Every now and then I see something like this:
SELECT u.* FROM users u WHERE 0 = (SELECT COUNT(*) FROM addresses a WHERE a.user_id = u.id);
and it kinda pains me. So figured, I'll write about what is the problem with it, and how to avoid such constructs.
Lets consider what went through someones mind when they wrote it. This query will return all users, that have zero addresses. In other words – users that never provided any address.
Why is that bad? After all, if we need to find users without addresses, it does what needs to be done? Right. No.
The problem is counting. What will happen if an user has million addresses? Pg will dutifully count all of them, only then to reject the row, because there was something.
The thing is that you don't need to have million addresses. Even if there can be two – they still need to be counted, and while the time cost will be lower than counting million rows, it is still there, and it's 100% useless work.
So, the question can be: how to do the thing properly? It's easy – there is EXISTS expression:
SELECT u.* FROM users u WHERE NOT EXISTS (SELECT FROM addresses a WHERE a.user_id = u.id);
EXISTS (well, in this case NOT EXISTS) will check abandoning the test as soon as one row will be found. No need to count.
Of course, in some (most?) cases, where people use this construct (0 == count), someone can say: “but it doesn't matter in our case, because…". Well, this is where best practices part of the title comes from. One shouldn't do wrong things, even if they don't matter in this particular case, at the very least not to get into habit of doing it, and then accidentally make the same mistake when it will actually be important.
I use the analogy of asking someone how many people are in a meeting room vs asking if the meeting room is occupied. If you’re looking for an unoccupied room to hold a meeting you don’t care how many are in the room.
great to point that out!
One remark: there is still a sub select in the resulting query which is generally a slowdown. Replacing it with a LEFT JOIN is a better choice
SELECT u.* FROM users u
LEFT JOIN addresses a ON a.user_id = u.id
WHERE a.user_id IS NULL;
What do you think?
@Manuel:
1. the idea that “subselects are bad, so use ‘xxx’ instead” is insanely harmful
2. as with almost everything in dbs – it depends on data distribution. sometimes join will be better, sometimes not.

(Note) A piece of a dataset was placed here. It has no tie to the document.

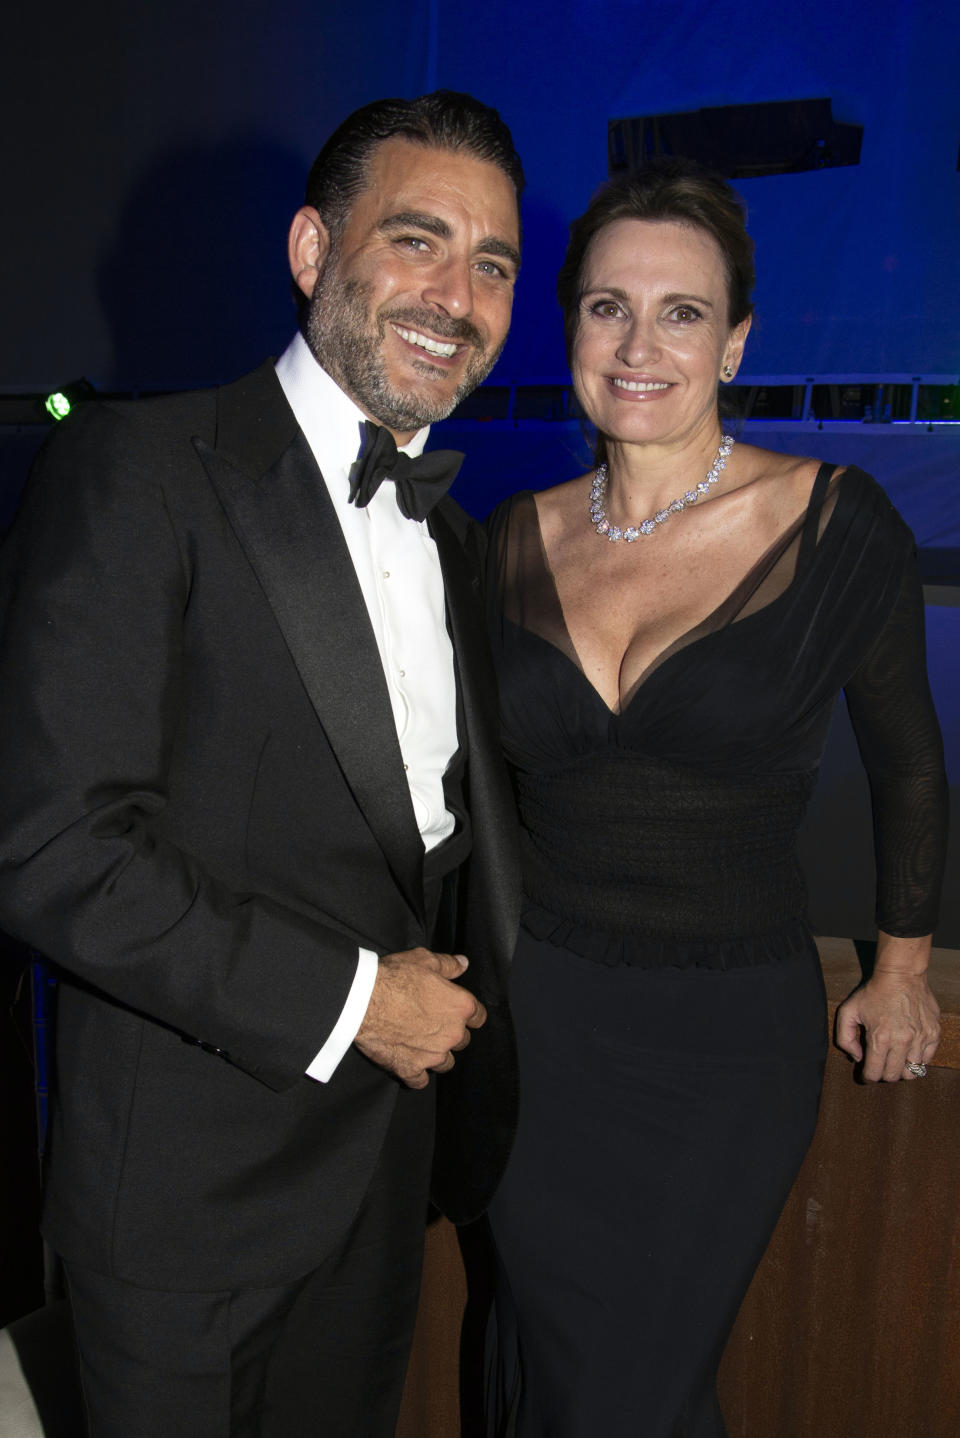 MARBELLA&lt;SPAIN - AUGUST 11: Matias Urrea and Ainhoa Arteta attend the Starlite Gala on August 11, 2018 in Marbella, Spain. (Photo by Europa Press via Getty Images)

@Manuel: The subquery with NOT EXISTS will be executed as a anto-join by the PostgreSQL optimizer, so it will perform at least as well as the outer join you suggested.
I thought the big idea with SQL (and why we tolerate its declarative nature which makes things so opaque for humans) is that it should rewrite our poorly optimized queries like this. Is anyone sure that this isn’t actually optimized in major DBs?
I find the subquery less easy to read than a join.
@depesz can you elaborate on why avoiding subselects when possible is harmful? If possible some simple examples would go a long way. I was taught this too and would love to know more/better.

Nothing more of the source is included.